The micro sporangia develop further and become POLLEN SACS or
POLLEN CHAMBERS. They extend longitudinally all through the
length of an anther and are packed with pollen grains. The whole
anther is covered externally by a common EPIDERMIS.
Structure of micro sporangium
Microsporangium is cylindrical structure that runs on either side of
each anther lobe. It appears circular in transverse section. It consists of
two parts, microsporangial wall and sporogenous tissue.
MICROSPORANGIAL WALL
It is hypodermal wall having 3-5 layersEpidermis, endothecium, middle layers and the
tapetum. The outer three layers performs the
function of protection and help in dehiscence of
other to release the pollen.
The innermost wall layer is TAPETUM. It
nourishes the developing pollen grains. Cells of
the tapetum possess dense cytoplasm and generally
have more than one nucleus.
SPOROGENOUS TISSUE
It fills the interior of microsporangium . all the cells are
similar and called sporogenous cells. These cells divide
regularly to form diploid microspore mother cells of the
pollen grain mother cells(MMC or PMC). They are initially
connected by plasmodesmata. Plasmodesmata are broken by
formation of callose layers inner to cell wall. The separated
mother cells round off and undergo meiosis to form four
haploid microspores (tetrad). This phenomenon is known as
MICROSPOROGENESIS. As the anther mature and
dehydrate, the microspores dissociate from each other and
develop into POLLEN GRAINS. Inside each
microsporangium several thousands of microspores/ pollen
grains are formed that are formed that are released with the
dehiscence of anther.
Pollen Grain: It represents the male reproductive propagule
or young male gametophyte which is formed inside the
anther and is meant for reaching the female reproductive
organ though a pollinating agency.
Pollen grains are generally spherical measuring about 25-50
um in diameter. It has a prominent two-layered wall.

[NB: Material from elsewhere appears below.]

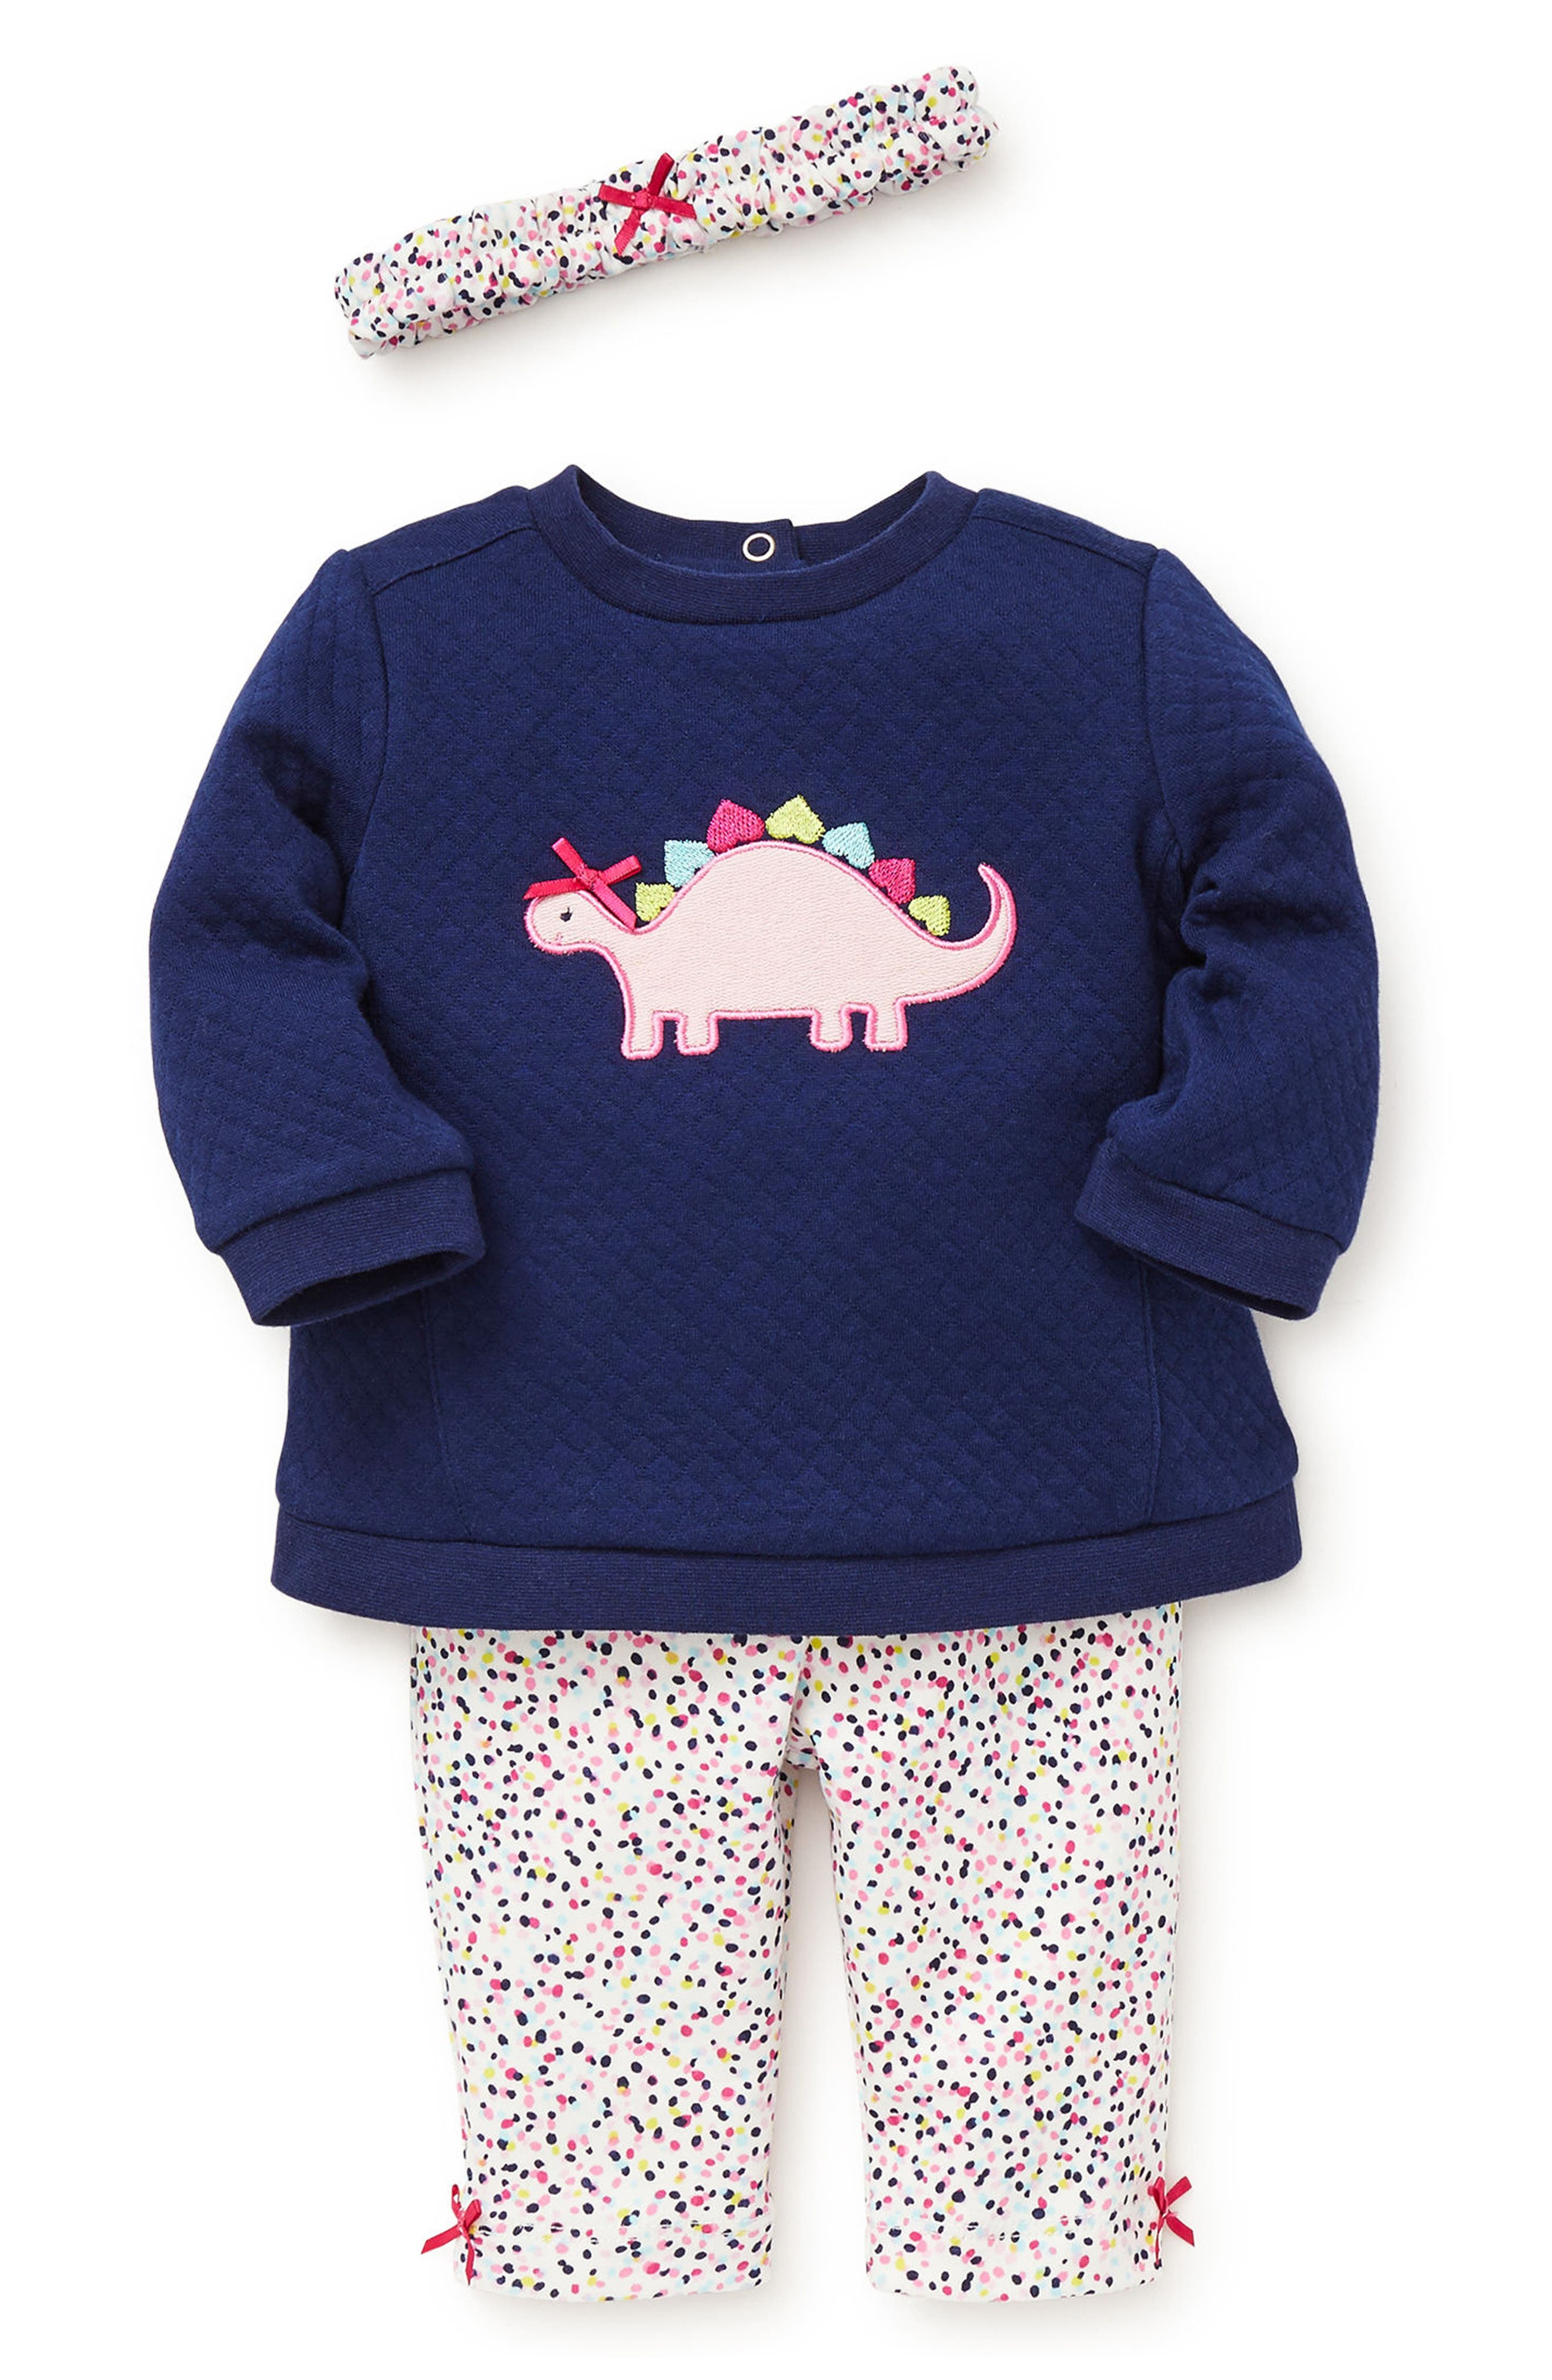 Dino Quilted Sweatshirt, Leggings & Headband Set,                             Main thumbnail 1, color,                             459

EXINE: It has a hard outer layer made up of sporapollenin
(Zelisch,1932) which is one of the most resistant organic
material known. It can withstand high temperatures and
strong acids and alkali. No enzyme that degrades
sporopollenin is so far known. Pollen grain exine has
prominent apertures called GERM PORES, where
sporopollenin is absent. There are usually 3 germ pores in
dicots and 1 in monocots.
Pollen grains are well preserved as fossils
because of the presence of sporapollenin
INTINE: It is inner layer of pollen grain wall
which is made up of cellulose and pectin.
Some enzymatic proteins also occur in the
intine (Knox and Heslop- Harrison, 1971).
Intine is normally thin.
Due to peripheral position of nucleus, the protoplast of
pollen grain divides unequally into two cells – a large tube
or VEGETATIVE CELL and small GENERATIVE CELL.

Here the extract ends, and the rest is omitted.